╔══
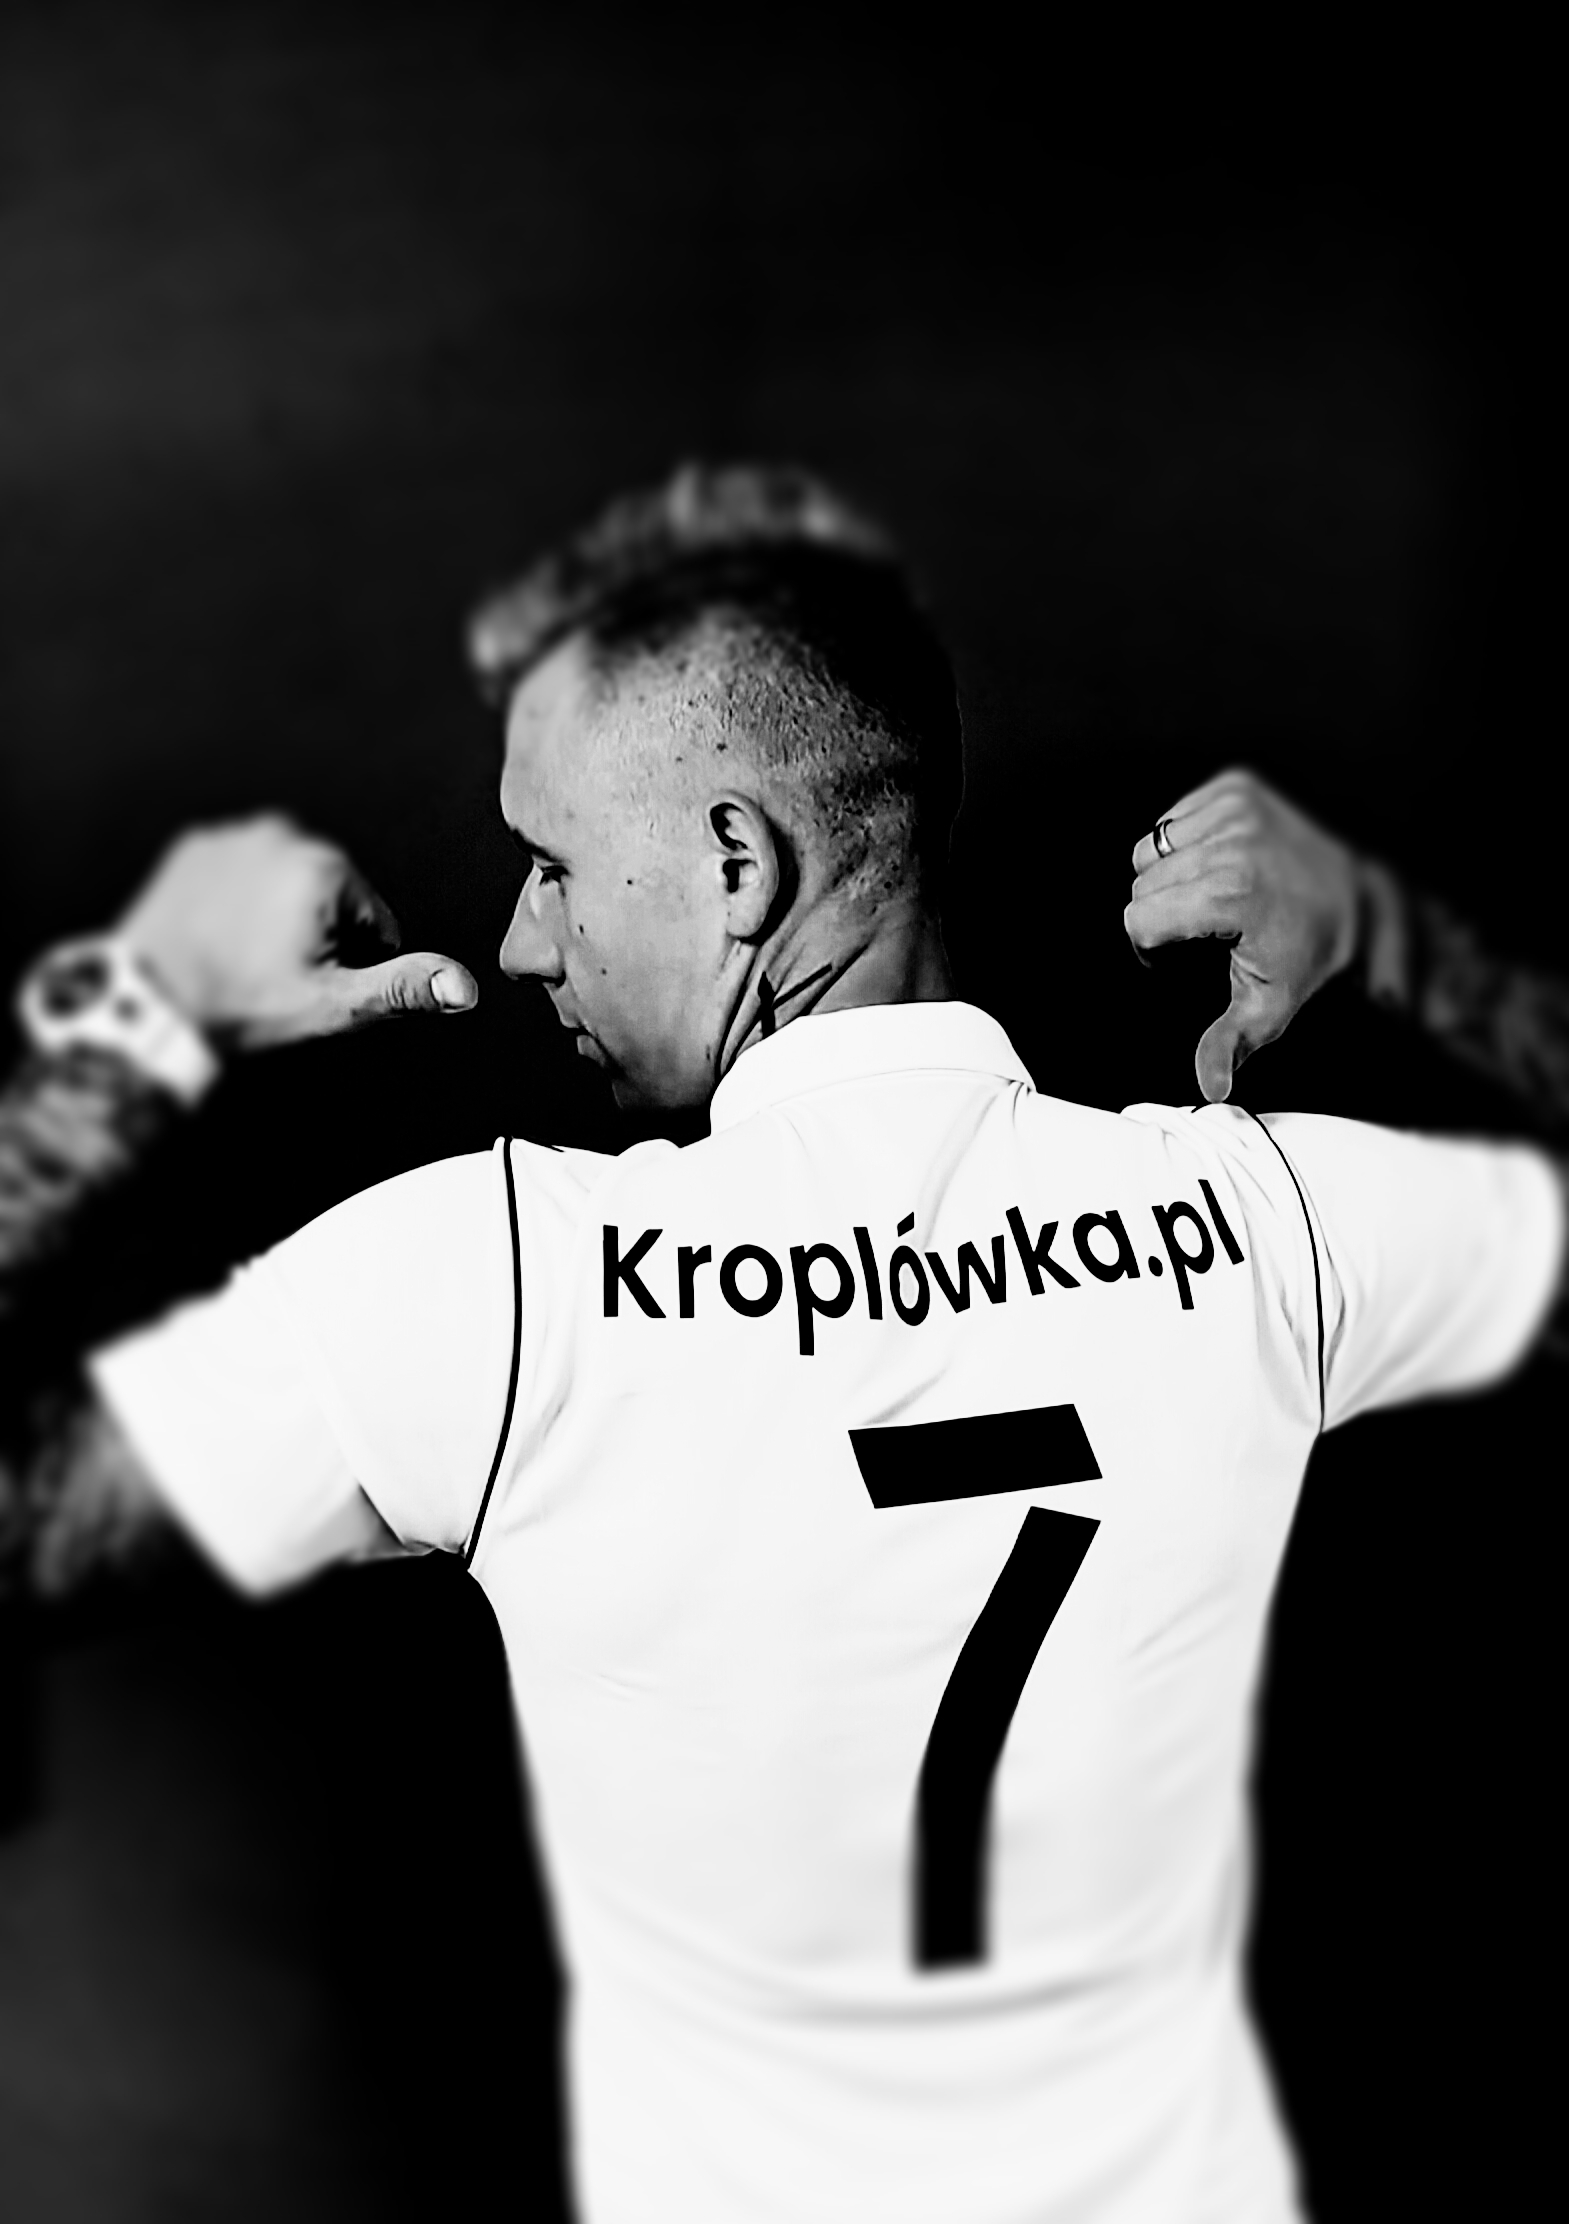 Wywiad z kapitanem zespołu Kroplówka.pl, Krystianem Kąsowski
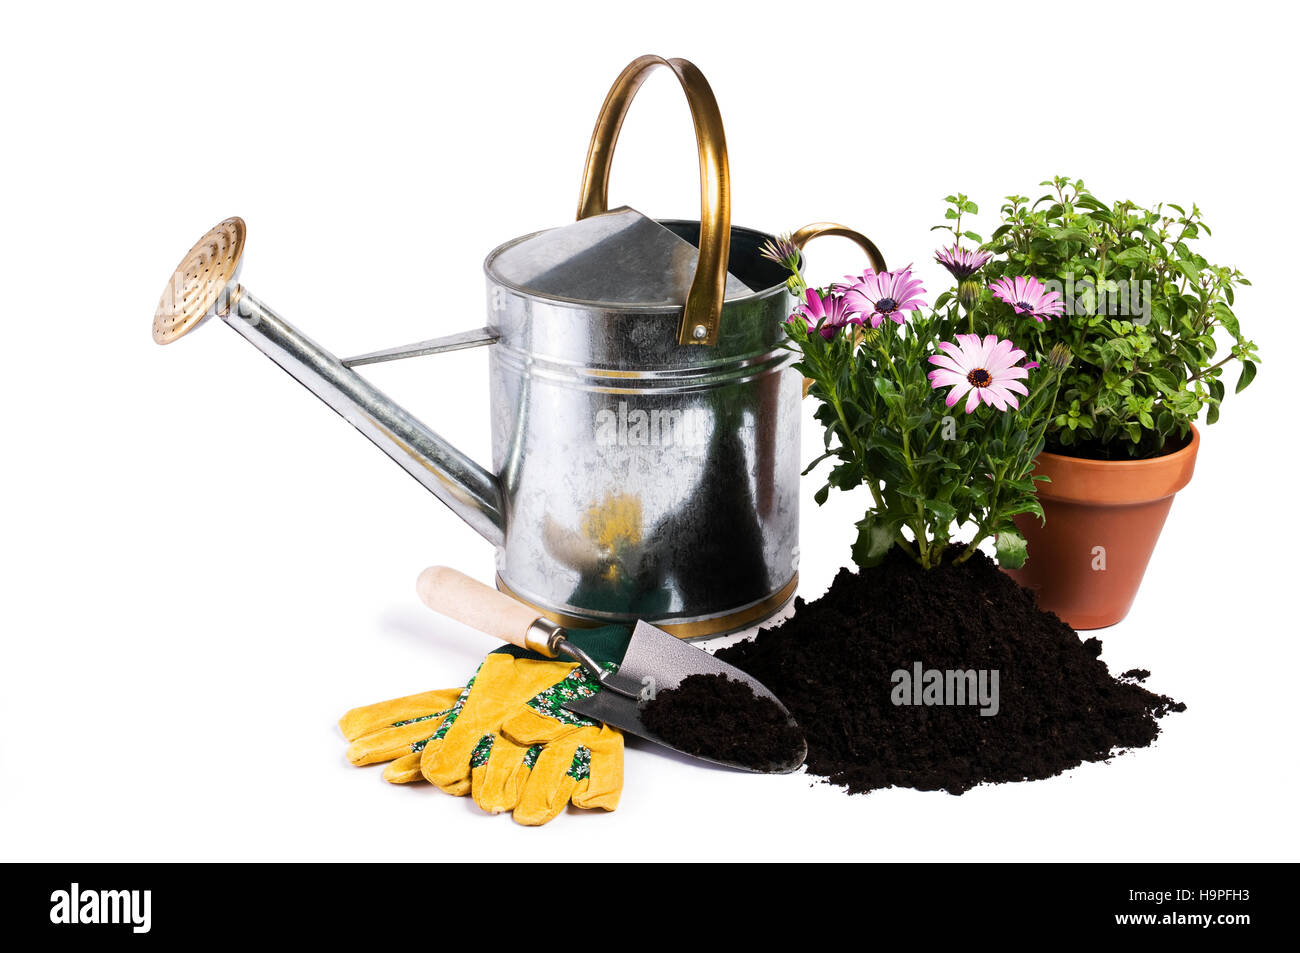 Arrosoir avec fleur et isolés d'outils de jardinage Banque D'Images
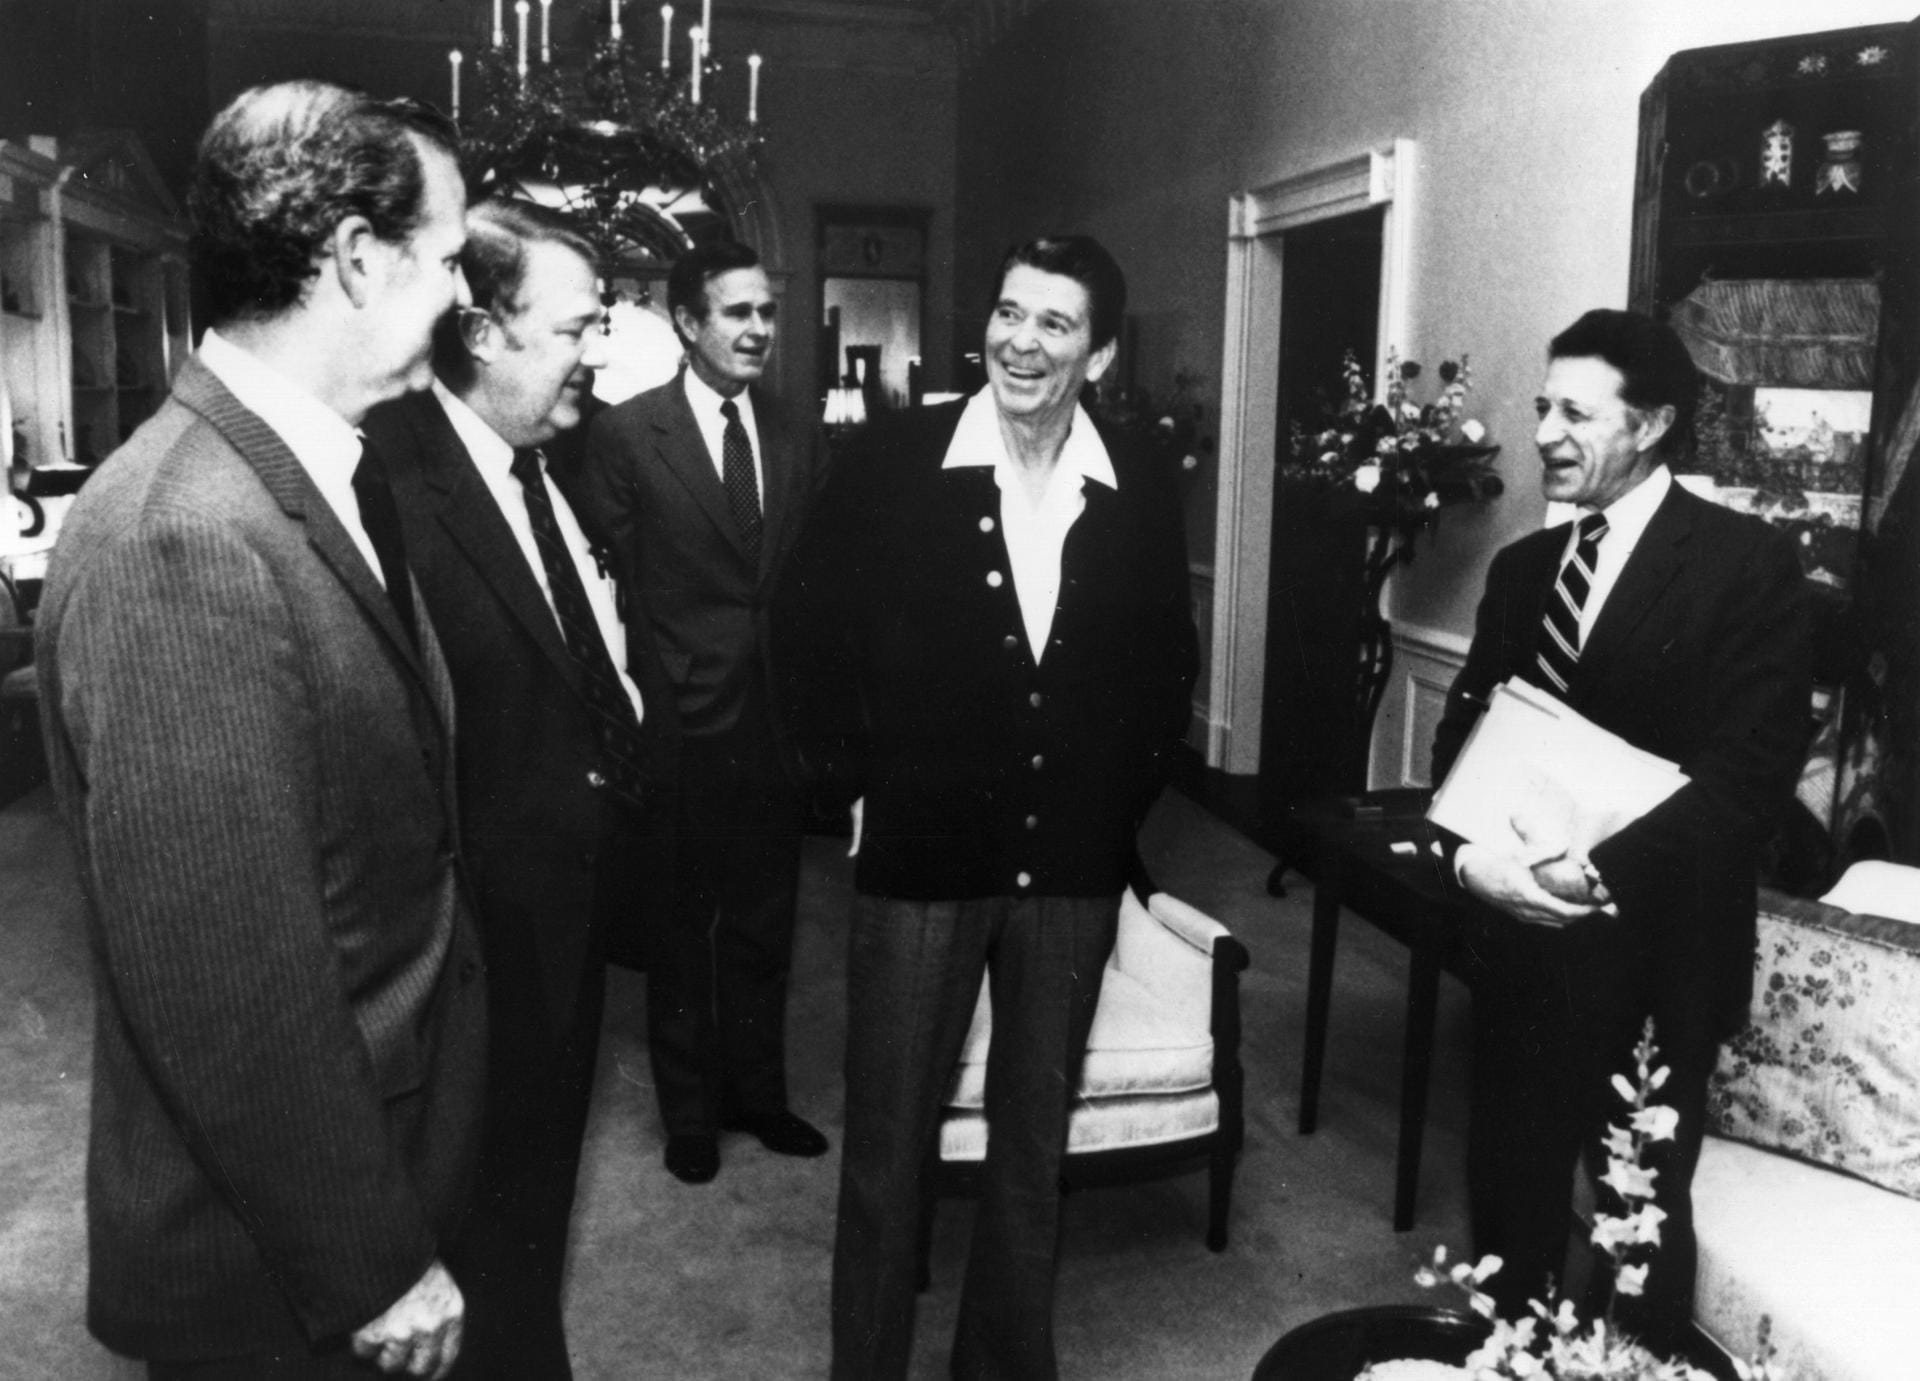 Präsident Ronald Reagan (2 v r.) und sein Vize George H. W. Bush (3.v r), der später Präsident wurde: Während Reagans Präsidentschaft verkauften die USA heimlich Waffen an den Iran, was eigentlich verboten war. Mit dem Geld förderte sie die rechte Contra-Guerilla, die in Nicaragua gegen die linken Sandinisten kämpfte. Dieser Iran-Contra-Skandal wurde später für Bush im Wahlkampf zum Problem.
╚══
◆ **WORK TO COMPLETE**: Copy out all of the data word for word. Do not carry over any picture.

◆ **OUTPUT FOR THIS TASK**:
 Wywiad z kapitanem zespołu Kroplówka.pl, Krystianem Kąsowski
 Arrosoir avec fleur et isolés d'outils de jardinage Banque D'Images
 Präsident Ronald Reagan (2 v r.) und sein Vize George H. W. Bush (3.v r), der später Präsident wurde: Während Reagans Präsidentschaft verkauften die USA heimlich Waffen an den Iran, was eigentlich verboten war. Mit dem Geld förderte sie die rechte Contra-Guerilla, die in Nicaragua gegen die linken Sandinisten kämpfte. Dieser Iran-Contra-Skandal wurde später für Bush im Wahlkampf zum Problem.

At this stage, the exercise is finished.